● **DATA BLOCK**

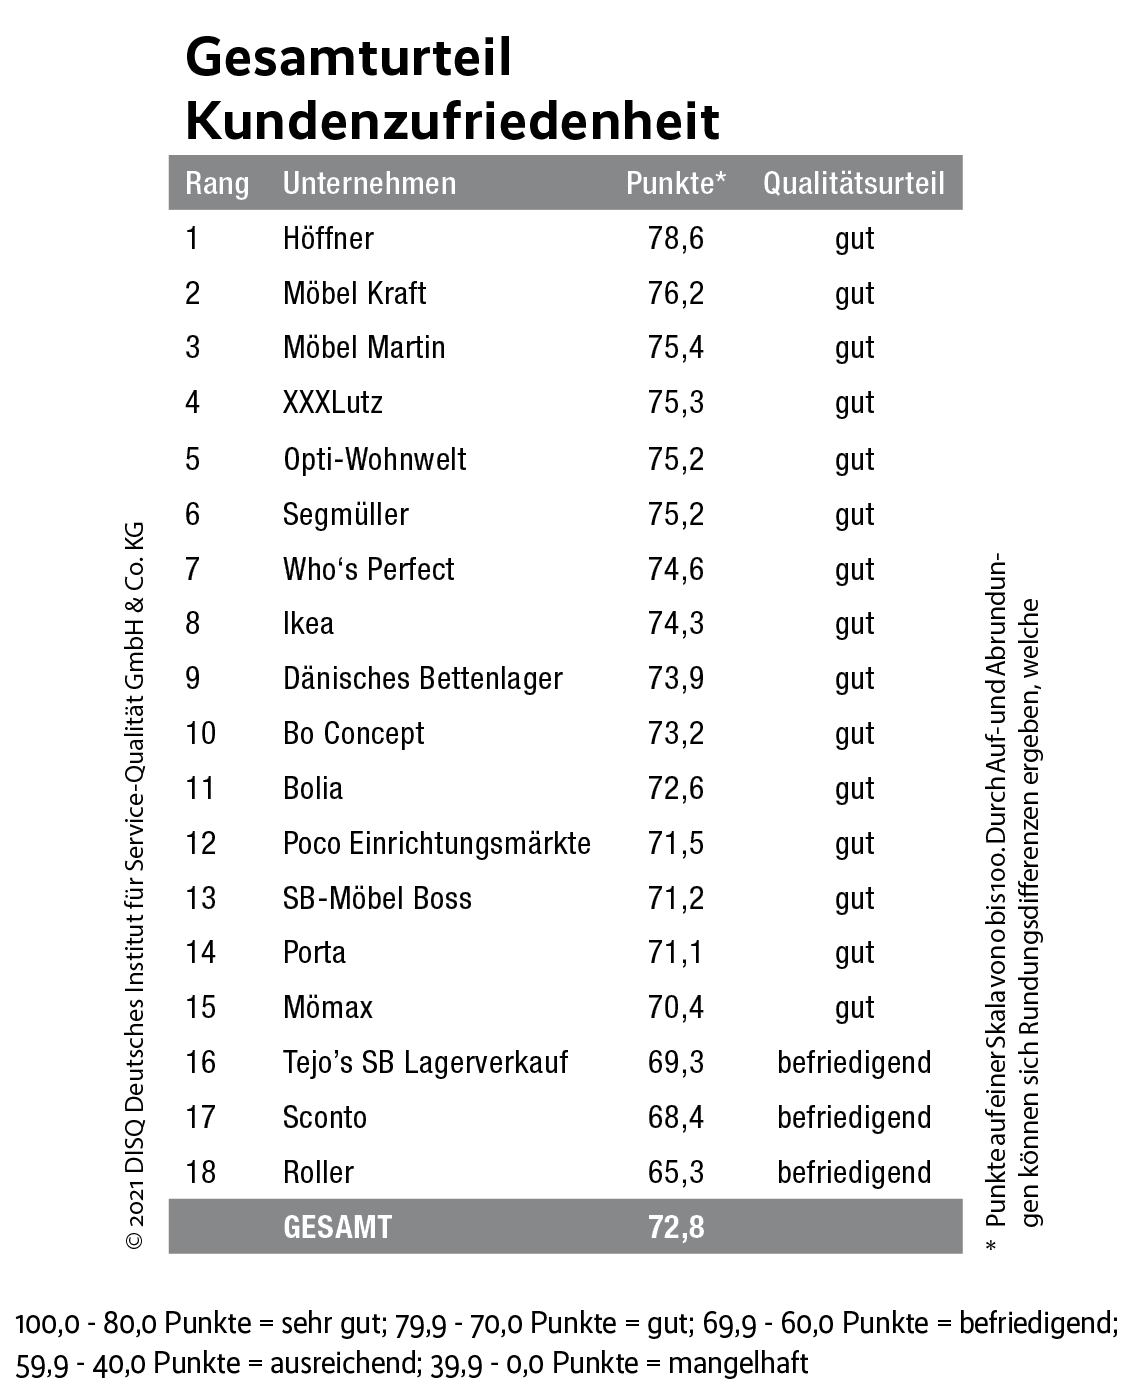 Kundenbewertung: Gute Noten für Höffner & Co.
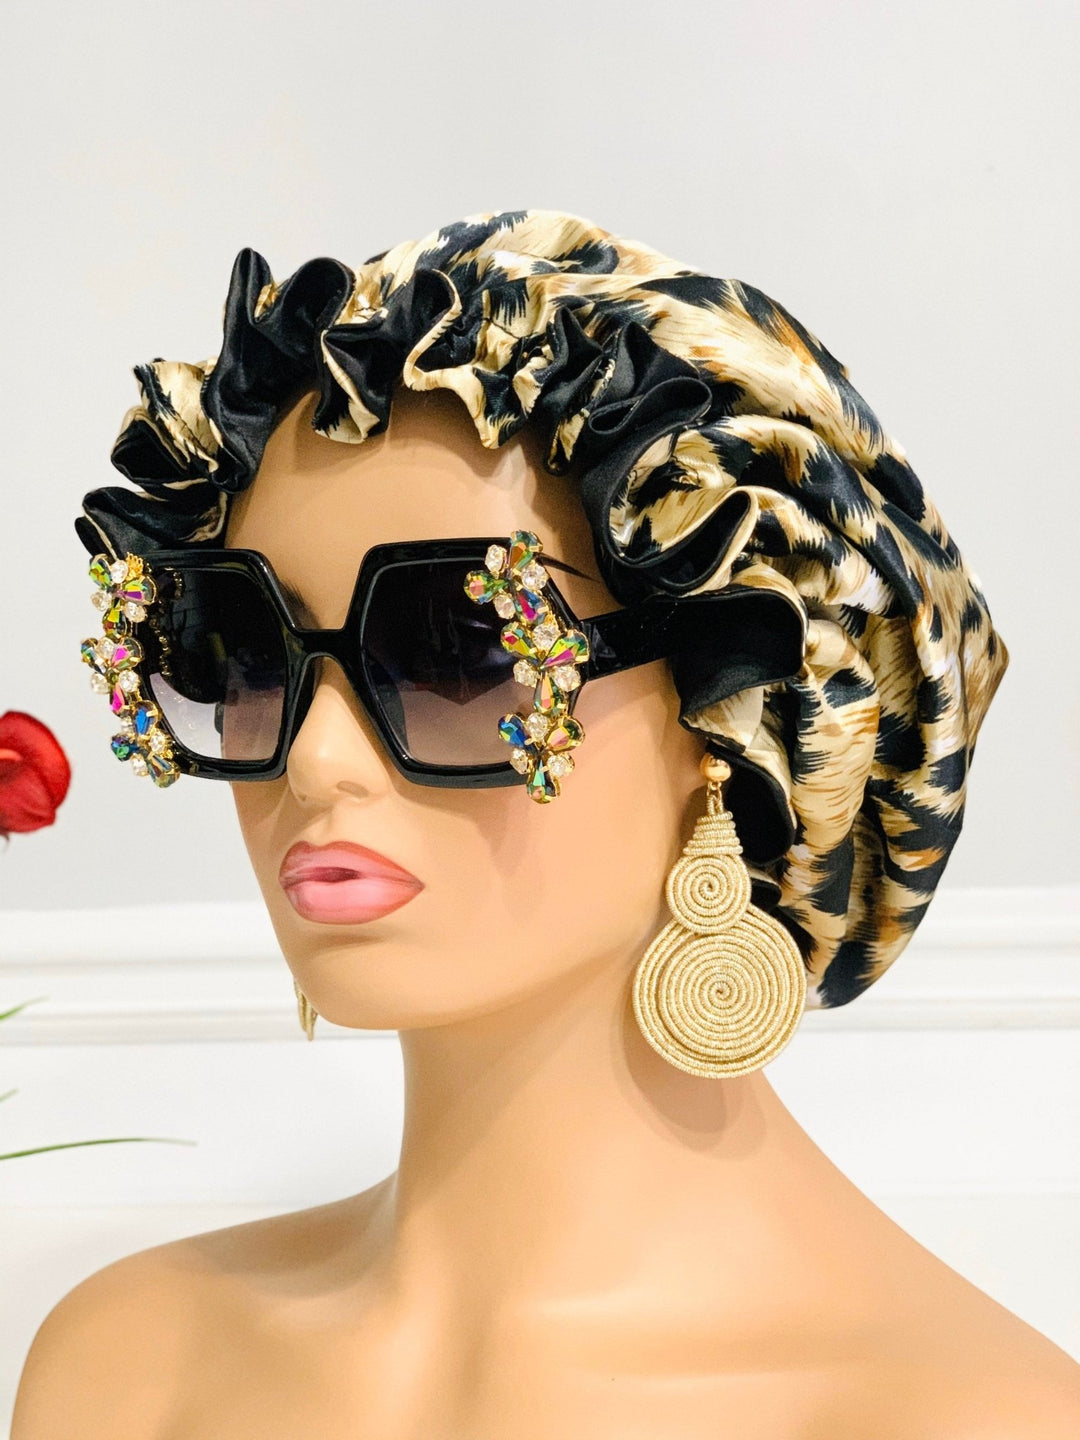 Luxury Rhinestone Sunglasses | Sunglasses for women | Rhinestone Sunglass - Mudvii
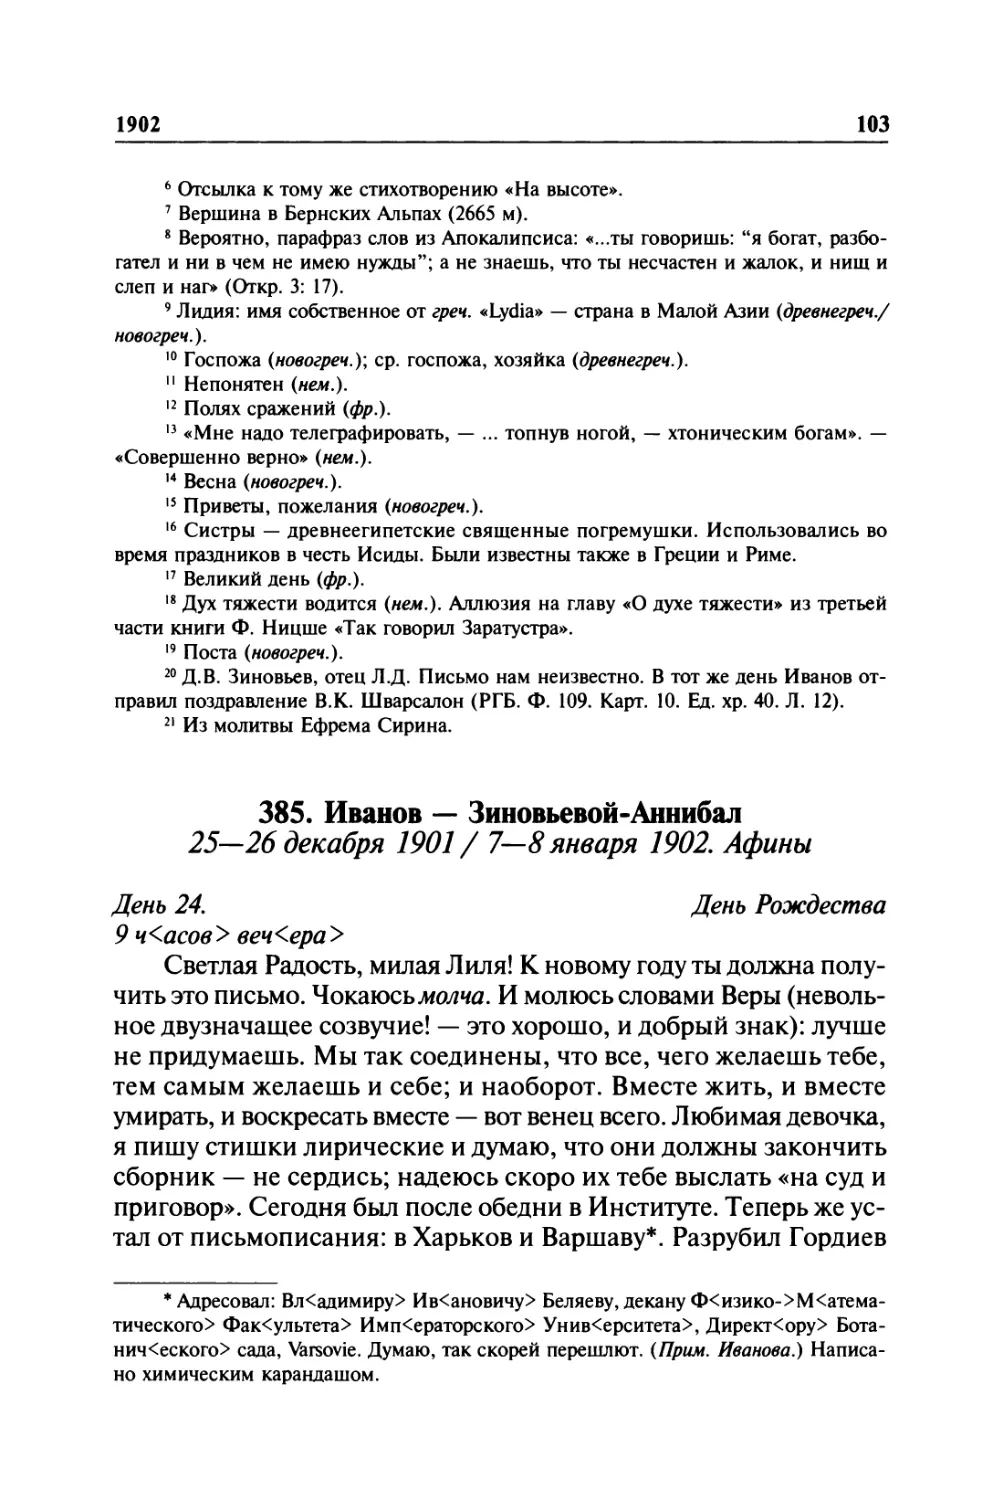 385. Иванов — Зиновьевой-Аннибал. 25—26 декабря 1901 / 7—8 января 1902. Афины

● **TASK ITEM**
Take the line that contains "Luxury Rhinestone Sunglasses" and all lines after it to the end of the material above, and copy them verbatim without any images.

● **RESPONSE TO THIS EXERCISE**
 Luxury Rhinestone Sunglasses | Sunglasses for women | Rhinestone Sunglass - Mudvii
 385. Иванов — Зиновьевой-Аннибал. 25—26 декабря 1901 / 7—8 января 1902. Афины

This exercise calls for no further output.